--- Begin Message ---
Lincoln,
I've studied these types of problems for years, and I think it's possible even for Linux. The
problem with small packet sizes on x86 hardware is related to non-cachable writes to
the adapter ring buffer for preloading of addresses. From my measurements, I have observed
that the increased memory write traffic increases latency to the point that the OS is unable to
receive data off the card at high enough rates. With testing against Linux with a Spirent Smartbits,
at @ 3,00,000 packets per second for 64 byte packets aboutn 80% of the packets get dropped
at 1000 mbs rates. It's true that Linux is simply incapable of generating at these rates, but the
reason in Linux is due to poor design at the xmit layer. You see a lot better behavior at
1500 byte packet sizes, but this is because the card doesnt have to preload as many addresses
into the ring buffer since you are only dealing with 150,000 packets per second in the 1500
byte case, not in the millions for the 64 byte case.
Linux uses polling (bad) and the tx queue does not feed packets back to the adapter on tx cleaning
of the queue via tx complete (or terminal dma count) interrupts durectly, instead they go through
a semaphore to trigger the next send -- horribly broken for high speed communications. They should
just post the packets and allow tx complete interrupts to feed them off the queues. The queue depths
in qdisc are far too short before Linux starts dropping packets internally. I've had to increase
the depth of tx_queue_len for some apps to work properly without dropping all the skbs on the floor.

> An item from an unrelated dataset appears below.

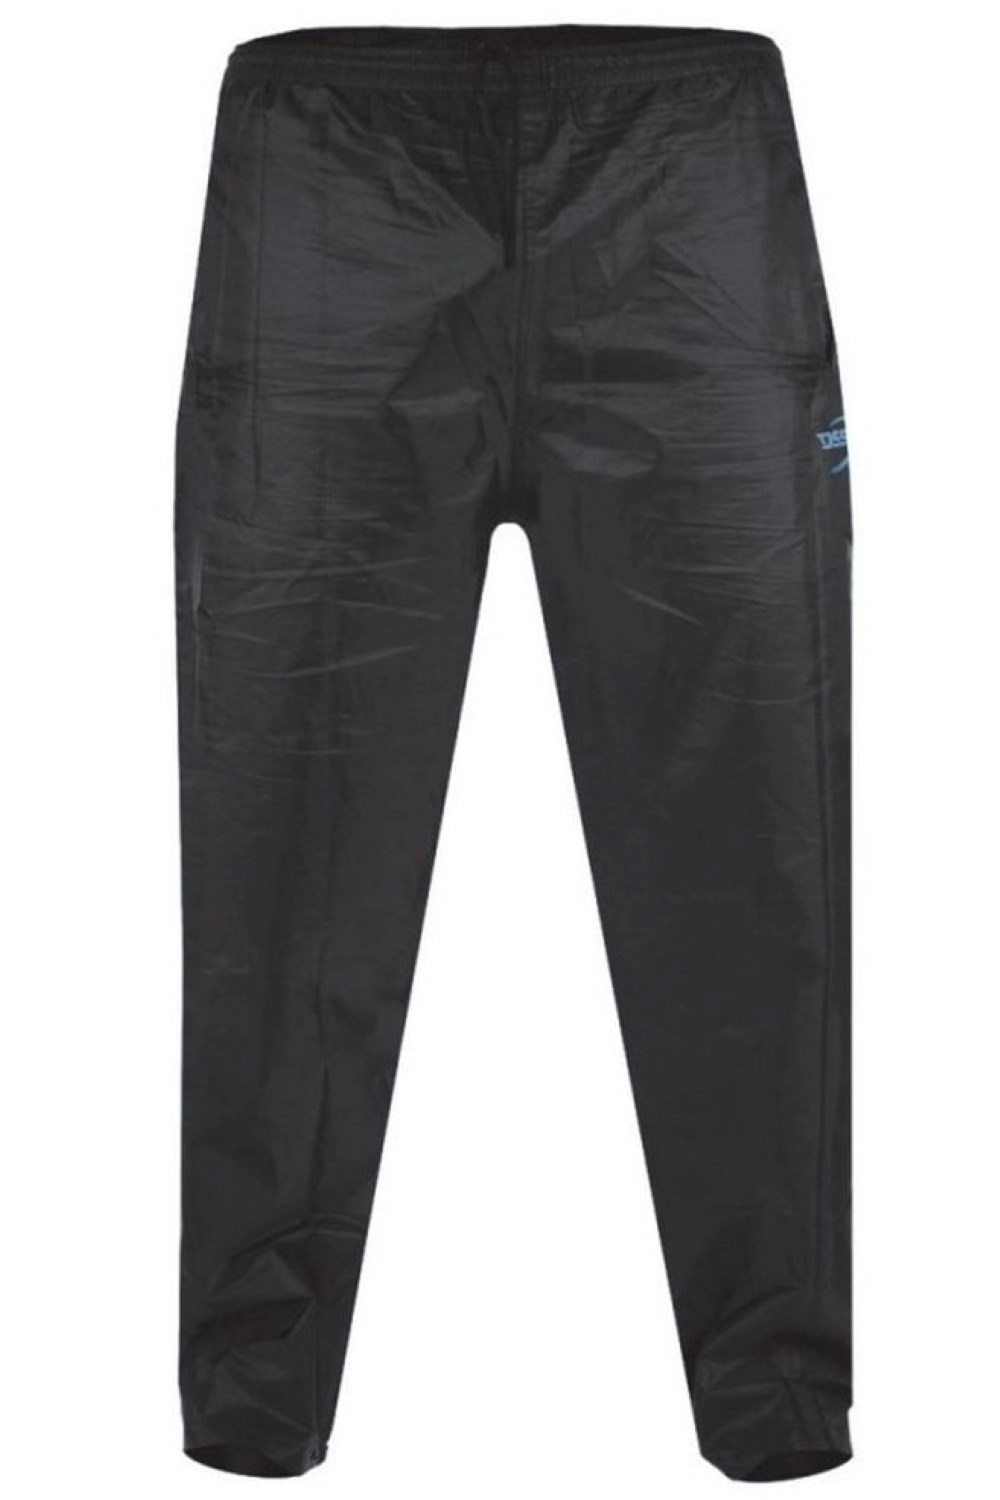 Waterproof Pants - Buy Waterproof Pants online at Best Prices in India |  Flipkart.com

So how to get around this problem. At present, the design of the Intel drivers allow all the ripe ring buffers
to be reaped at once from a single interrupt. This is very efficient on the RX side and in fact, with static
tests, I have been able to program the Intel card to accept 64 byte packets at the maximum rate for
gigabit saturation on Linux provided the ring buffers are loaded with static addresses. This indicates
the problem in the design is related to the preloading anbd serializing memory behavior of Intel's
architecture at the ring buffer level on the card. This also means that Linux on current PC architecture,
(and most OS for that matter) will not be able to sustain 10 gigabit rates unless the packet sizes get larger
and larger due to the nature of this problem. The solution for he card vendors is to instrument the
ability to load a descriptor to the card once which contains the addresses of all the ring buffers
for a session of the card and reap them in A / B lists. i.e. two active preload memory tables which
contain a listing of preload addresses for receive and when the card fills one list, it switches to the second
for receives, sends an interruptr, and the ISR loads the next table into the card.
I see no other way for OS to sustain high packet loading about 500,000 packets per second on Linux
or even come close to dealing with small packets or full 10 gigabite ethernet without such a model.
The bus speeds are actually fine for dealing with this on current hardware. The problem is realated
to the serializing behavior of non-cachable memory references on IO mapped card memory, and this
suggestion could be implemented in Intel Gigabit and 10 gE hardware with microcode and minor changes
to the DMA designs of their chipsets. It would allow all OS to reach performance levels of a Smartbits
or even a CISCO router without the need for custom hardware design.
My 2 cents.
Jeff
Lincoln Dale wrote:
Jeff,
you're using commodity x86 hardware. what do you expect?
while the speed of PCs has increased significantly, there are still significant bottlenecks when it comes to PCI bandwidth, PCI arbitration efficiency & # of interrupts/second.
linux ain't bad -- but there are other OSes which still do slightly better given equivalent hardware.
with a PC comes flexibility.
that won't match the speed of the FPGAs in a Spirent Smartbits, Agilent RouterTester, IXIA et al ...
cheers,
lincoln.
At 09:06 AM 20/11/2004, Jeff V. Merkey wrote:
Additionally, when packets sizes 64, 128, and 256 are selected, pktgen is unable to achieve > 500,000 pps (349,000 only on my system).
A Smartbits generator can achieve over 1 million pps with 64 byte packets on gigabit. This is one performance
issue for this app. However, at 1500 and 1048 sizes, gigabit saturation is achievable.
Jeff
Jeff V. Merkey wrote:
With pktgen.o configured to send 123MB/S on a gigabit on a system using pktgen set to the following parms:
pgset "odev eth1"
pgset "pkt_size 1500"
pgset "count 0"
pgset "ipg 5000"
pgset "src_min 10.0.0.1"
pgset "src_max 10.0.0.254"
pgset "dst_min 192.168.0.1"
pgset "dst_max 192.168.0.254"
After 37 hours of continual packet generation into a gigabit regeneration tap device,
the server system console will start to respawn the INIT process about every 10-12
hours of continuous packet generation.
As a side note, this module in Linux is extremely useful and the "USE WITH CAUTION" warnings
are certainly will stated. The performance of this tool is excellent.
Jeff
--- End Message ---